I_K1 carries the potassium-selective inward rectifier current in mouse utricle hair cells. A: representative currents from a postnatal day 2 (P2) type II hair cell reveal voltage-dependent K⁺ inward rectifier currents of the I_K1 variety. Currents were evoked by the protocol shown at the bottom of C, which included voltage steps in 10-mV increments between −54 and −124 mV from a holding potential of −64 mV. WT, wild-type. B: mean steady-state I(V) curve derived from current families, such as the one shown in A, for 5 P2 hair cells. C: a representative family of currents from a P25 type II hair cell. The scale bar shown in A also applies to C. D: mean steady-state I(V) curve derived from current families of 6 P25–P29 hair cells. E: a family of I_K1 traces, evoked by the protocol (bottom), designed to facilitate estimation of the I_K1 reversal potential. From the holding potential of −64 mV, the cell was hyperpolarized to −114 mV to fully activate I_K1 and then stepped to a series of voltages between −124 and −54 mV. F: mean instantaneous I(V) generated from 9 P24–P31 hair cells. Currents were sampled at the time point indicated by the arrow in E. Reversal potential was taken as the 0 current potential of the instantaneous I(V) relation.

Fig. 2.

Activation range and developmental expression of I_K1. A: a representative activation curve recorded from a P9 wild-type type II hair cell. The data were fit with a Boltzmann equation with a membrane potential at which 1/2 of the conductance is activated (V_1/2) of −84 mV, a slope (s) of 5.9 mV, and a maximal conductance (G_K1) of 5.2 nS. B: maximal inward rectifier conductances from type II hair cells plotted as function of age. The data were plotted on a log scale to help spread the data along the x-axis. C: slope and V_1/2 values derived from 8 representative Boltzman fits plotted as a function of postnatal age.

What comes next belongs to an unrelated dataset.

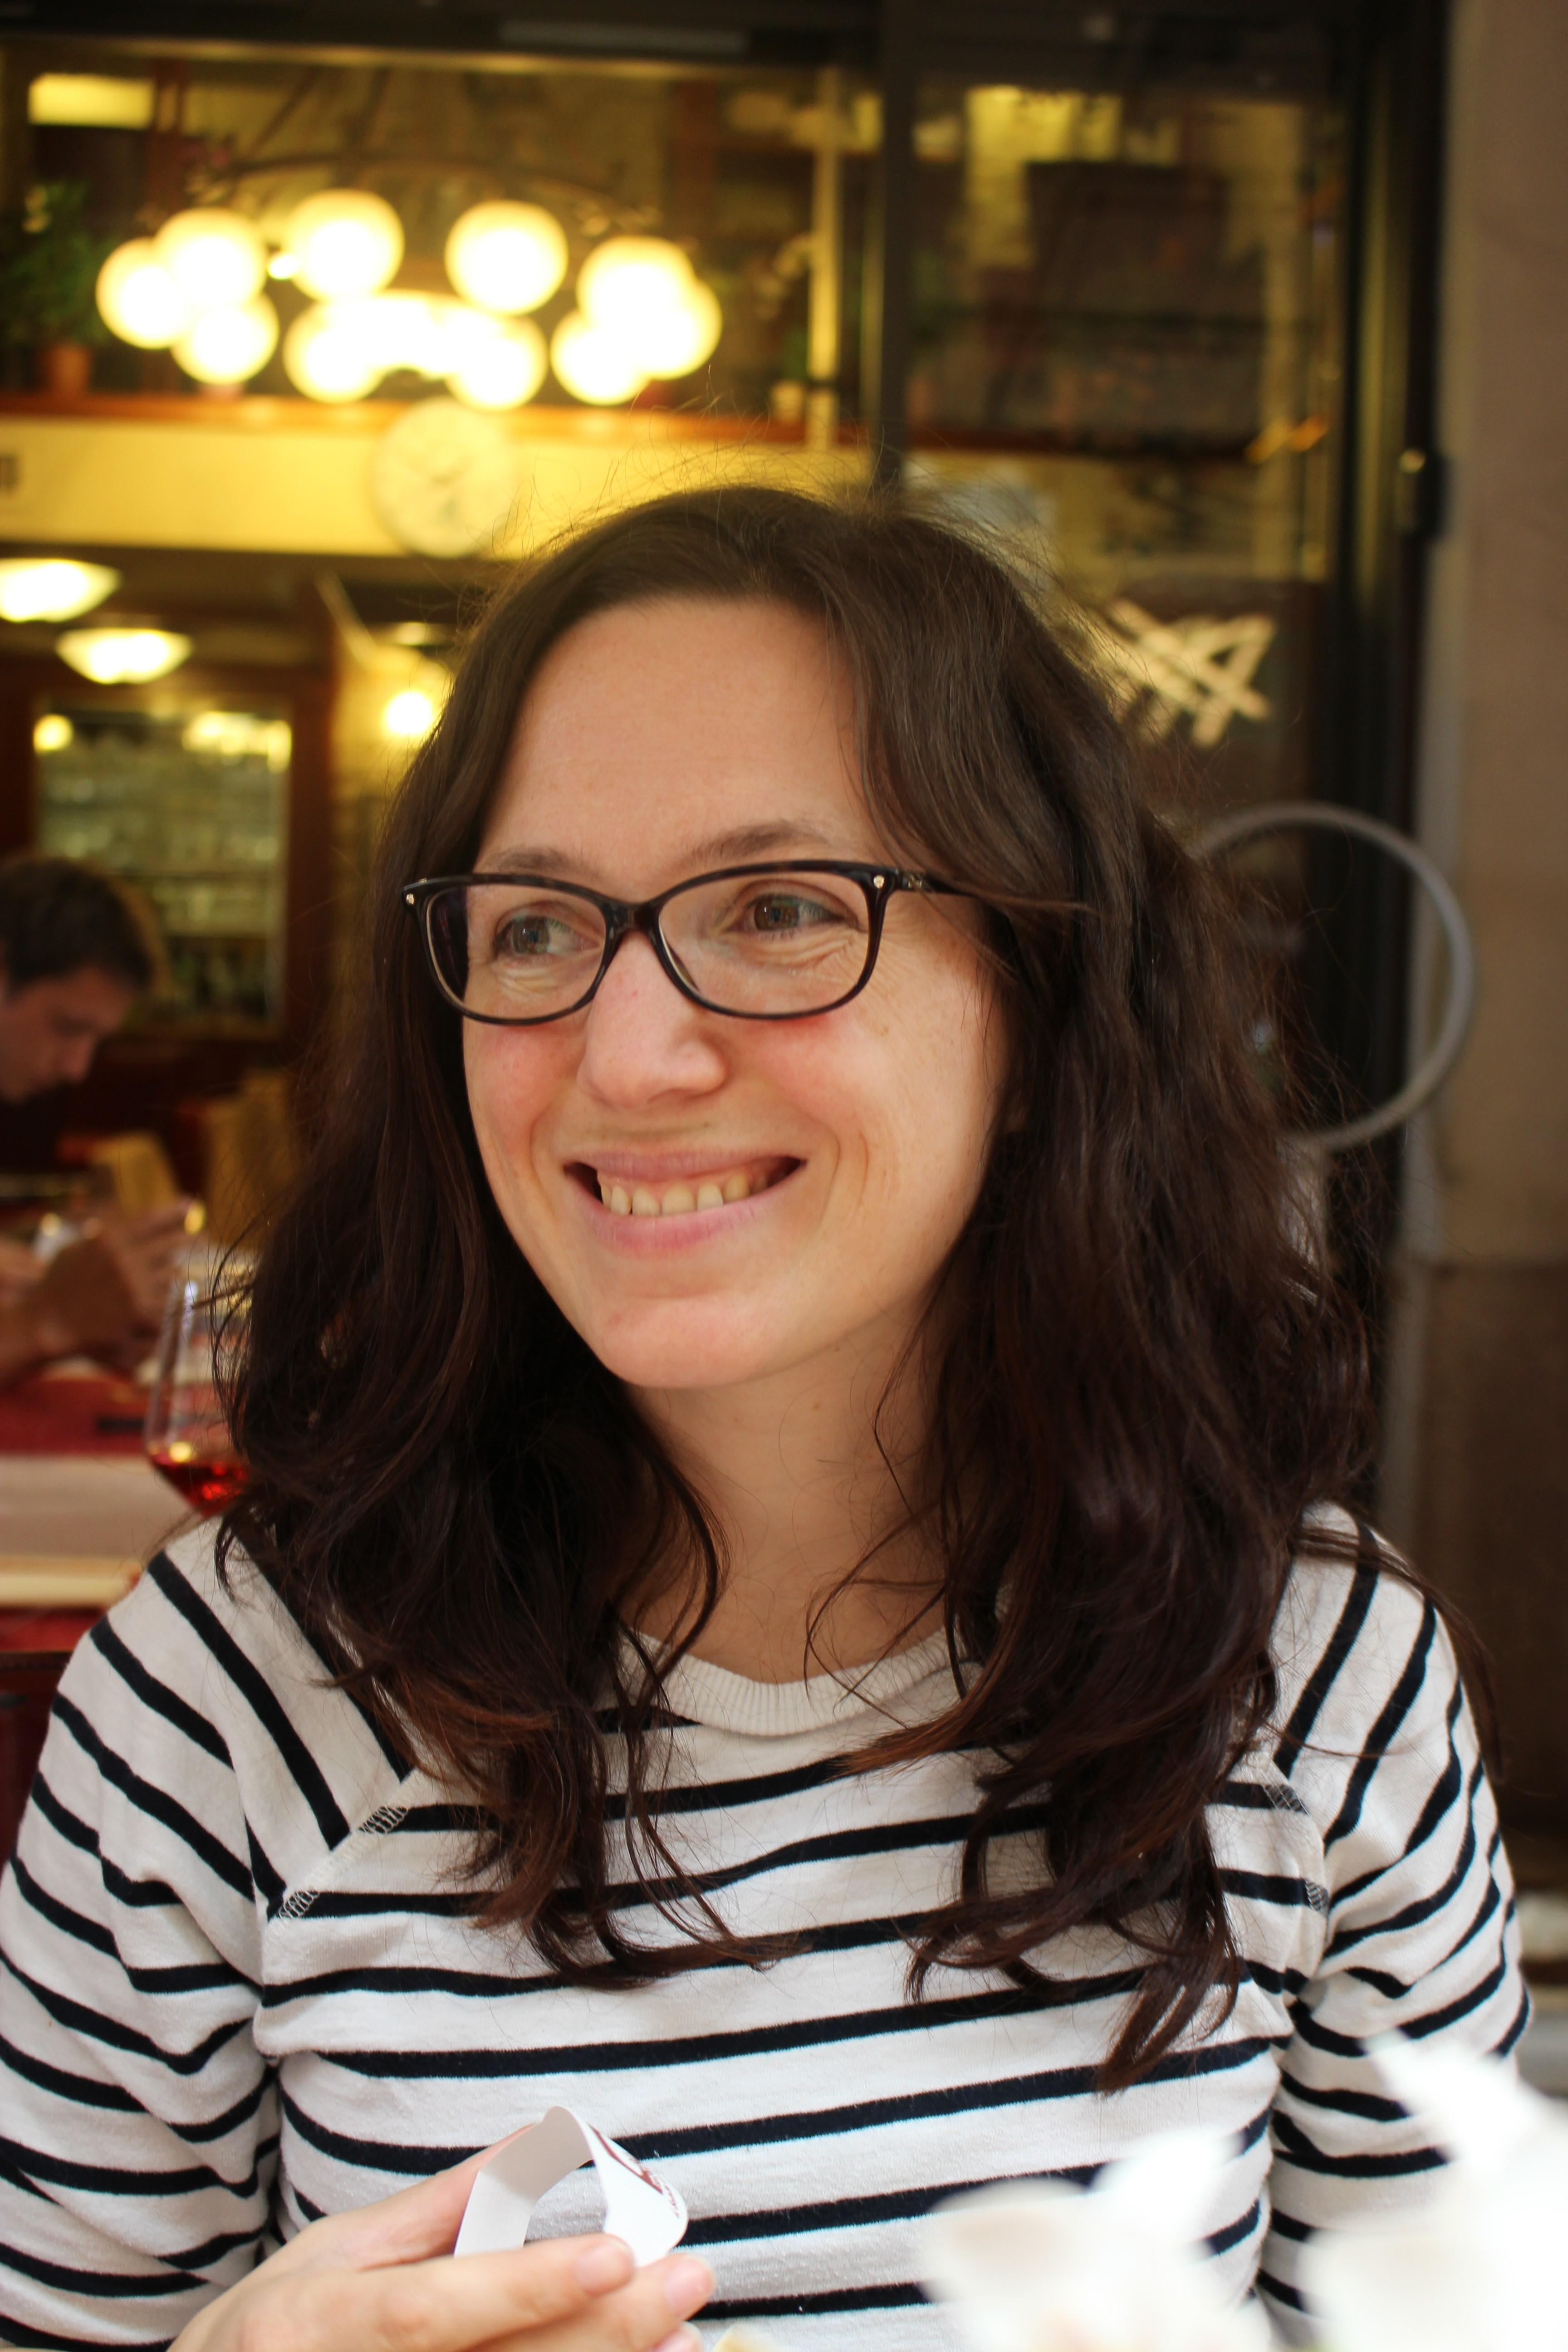 Amandine Charrière

D: activation kinetics at −104 mV fitted with a single exponential (red trace). Bottom: the time constants (tau; τ) are plotted as a function of postnatal age for 20 representative cells.

Fig. 3.

Expression of Kir2 subunits in mouse utricle. A: quantitative RT-PCR was used to estimate mRNA expression of Kir2.1 at various time points. The number of wild-type mouse utricles used to derive the template mRNA included: embryonic day 15 (E15) = 20, E18 = 15, P0 = 24, P7 = 14, P25 = 30, P180 = 14. Error bars represent SE for 3 replicates. CT, comparative threshold. B: normalized number of mRNA reads plotted as a function of age for hair cells and nonhair cells. Transcript counts are plotted for Kir2.1–Kir2.4. Two replicates are shown for the E16 sample. Data provided courtesy of Drs. Zheng-Yi Chen and David P. Corey (https://shield.hms.harvard.edu). C: confocal images of utricles at P0 from wild-type (left) and Kir2.1-deficient [Kir2.1^−/−; knockout (KO)] mice (right). Projections through a series of focal planes through the epithelium show that Kir2.1 (green) is expressed in the basolateral membrane of hair cells but not in stereocilia stained with phalloidin (red). D: confocal image of a cross-section through an extrastriolar region of a wild-type P25 mouse utricle. The tissue was immunolabeled for Kir2.1 (green) and calretinin (red). Type I (I) and type II (II) hair cells are indicated in the figure. Original scale bar = 10 μm. Image provided courtesy of Dr. Anna Lysakowski and Mr. Steven Price.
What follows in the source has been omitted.